Page 7: Kualitas Tak Stabil

Dari data diatas, dapat disimpulkan bahwa penyebab-penyebab dari kualitas tidak stabil

selama proses produksi beserta solusi yang dapat kami berikan adalah sebagai berikut :

MACAM-MACAM PENYEBAB :

1. Man

Dalam hal ini adalah operator yang bertugas, dari mulai yang bertugas menuangkan

tepung terigu, sampai finish good. Dimana selama masa observasi, kami melihat ada

beberapa operator yang tidak melaksanakan tugasnya sesuai SOP.

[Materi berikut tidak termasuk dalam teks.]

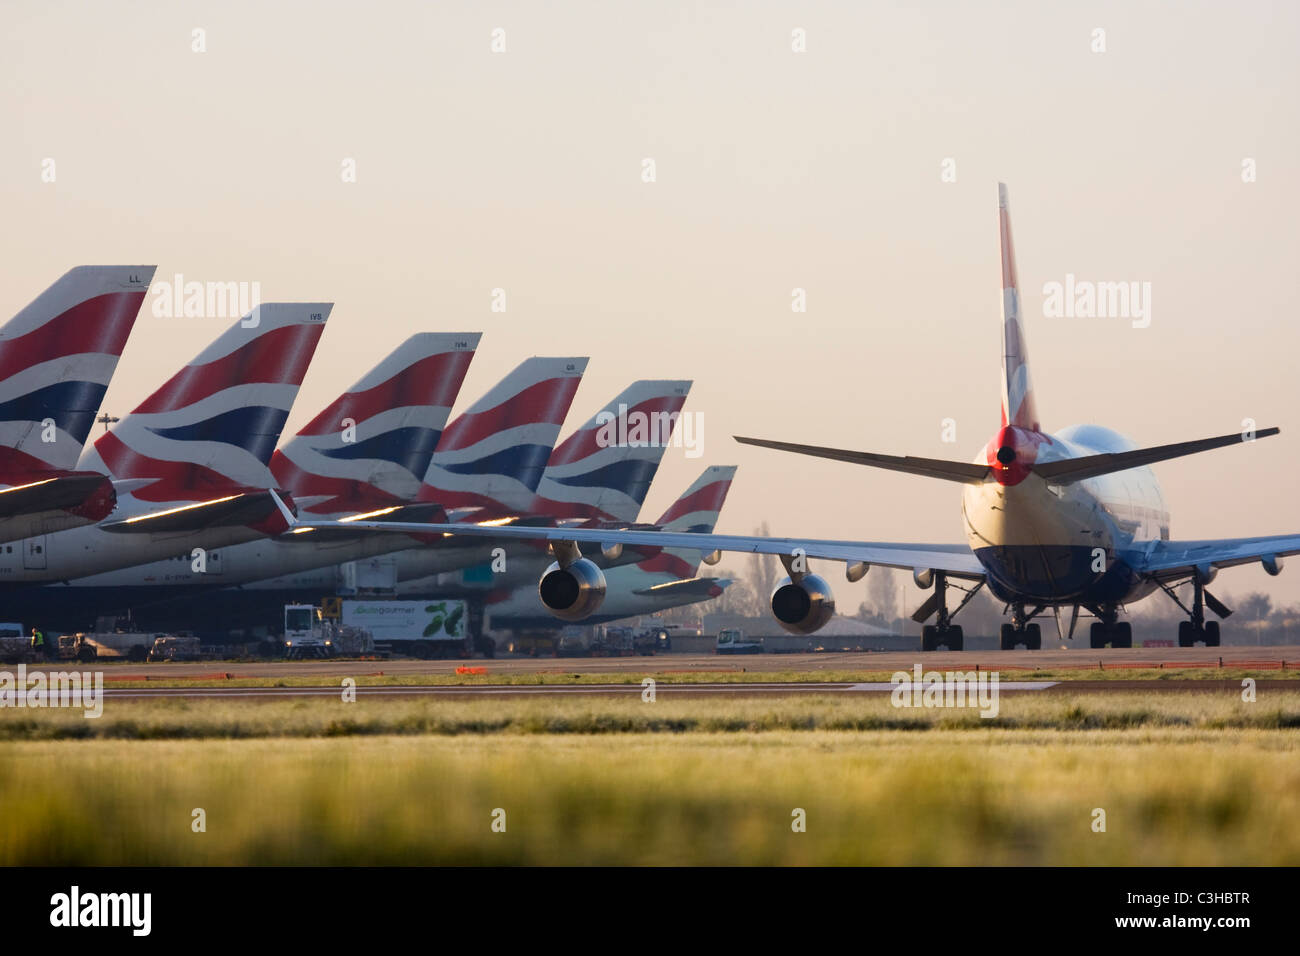 Fleet of British Airways airliners at London Heathrow Airport UK Stock Photo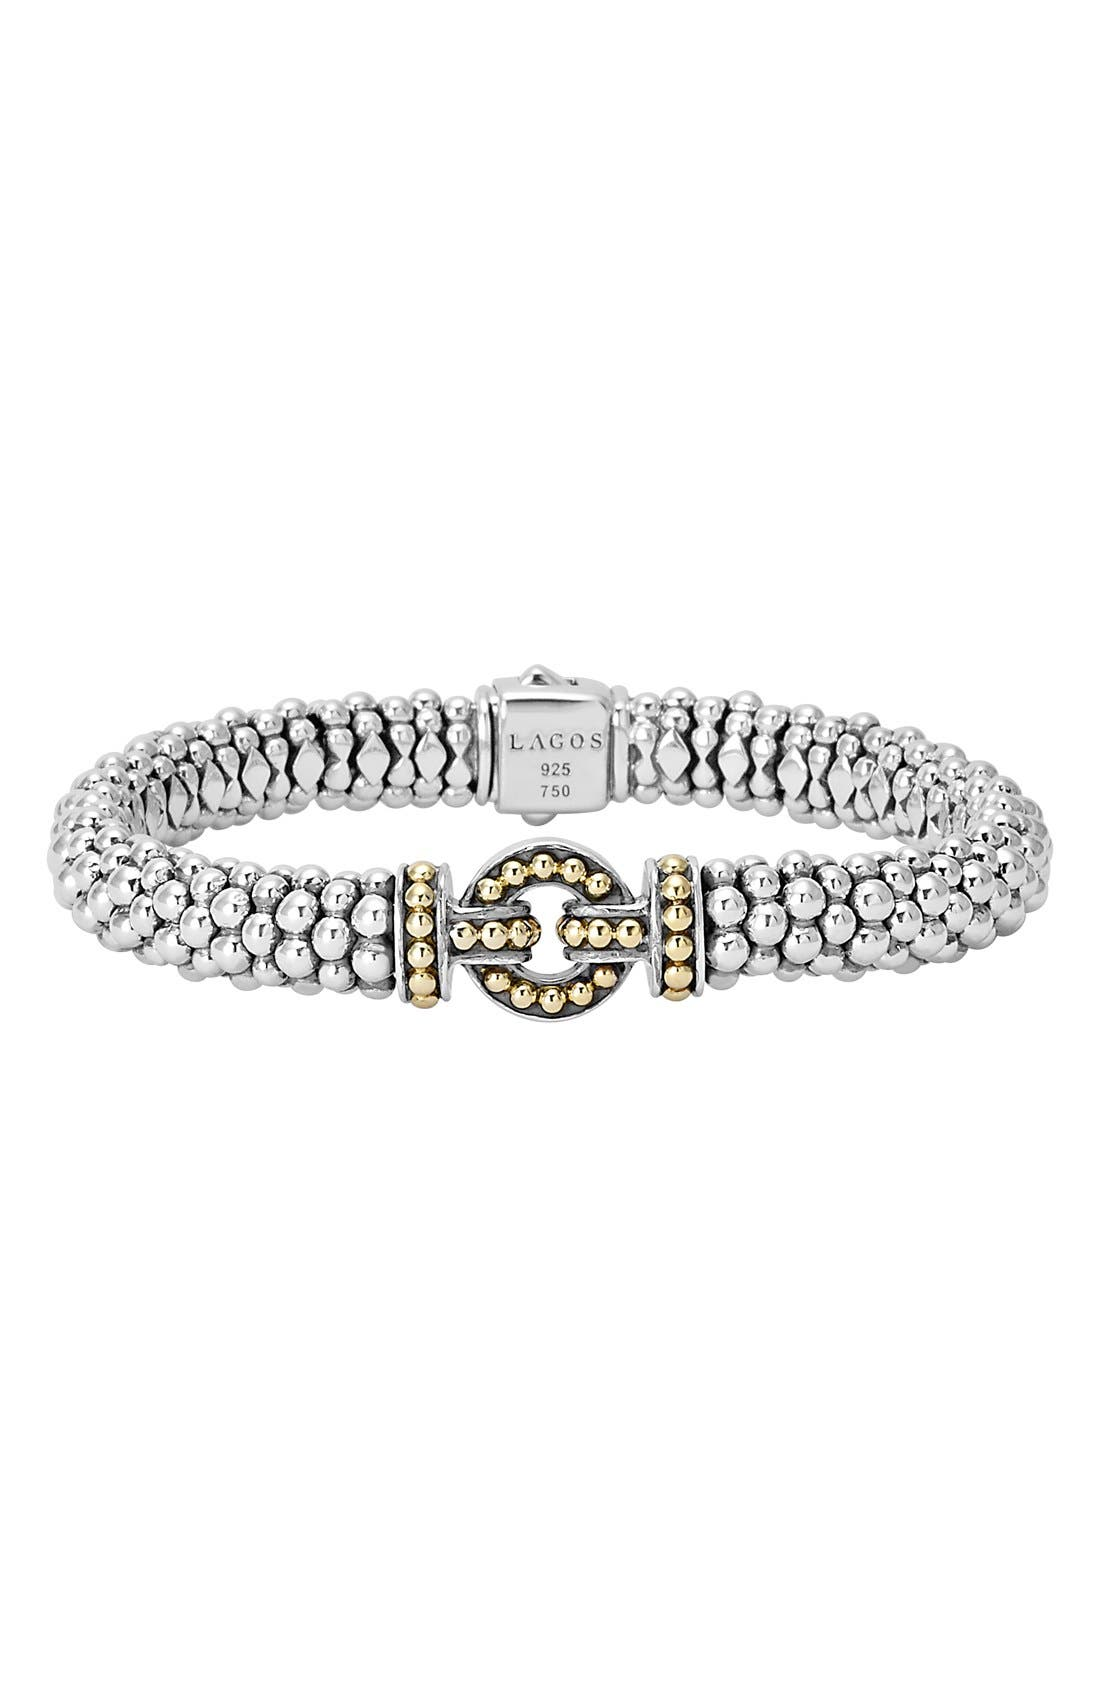 'Enso' Two-Tone Rope Caviar Bracelet,                             Main thumbnail 1, color,                             SILVER/ GOLD

Sebagai contoh, adonan yang terputus di mesin press dan akhirnya terjatuh ke lantai

tidak dibuang (limbah), akan tetapi dimasukan kembali ke dalam feeder. Sebab utama

dari terputusnya adonan di mesin press dikarenakan adonan tidak cukup kalis saat

masih di mixing didalam mixer. Penyebab adonan tidak kalis juga kemungkinan bisa

terjadi karena human error dari operator mixing sendiri, misalnya waktu mixing terlalu

lama atau lebih cepat, atau saat penambahan air, terlalu banyak atau bahkan kurang.

Kendatipun faktor suhu, larutan alkali, dan down time pada mesin mixing juga dapat

mempengaruhi kualitas adonan, sehingga kemungkinan mie menjadi HH, HK, dan HP

cukup besar. Pada akhirnya pemborosan tepung terigu, minyak goreng, dan etiket pun

meningkat.

2. Machine

Mesin merupakan perangkat yang menjadi tolak ukur kualitas suatu produk, produksi.

Selama masa observasi, ditemukan adanya kebocoran tepung pada mesin screw di line

1, karena kebocoran ini didapatkan ± 1 karung tepung terigu selama 1 shift kerja (7

jam), yang sedikit banyaknya dapat mengurangi kualitas mie.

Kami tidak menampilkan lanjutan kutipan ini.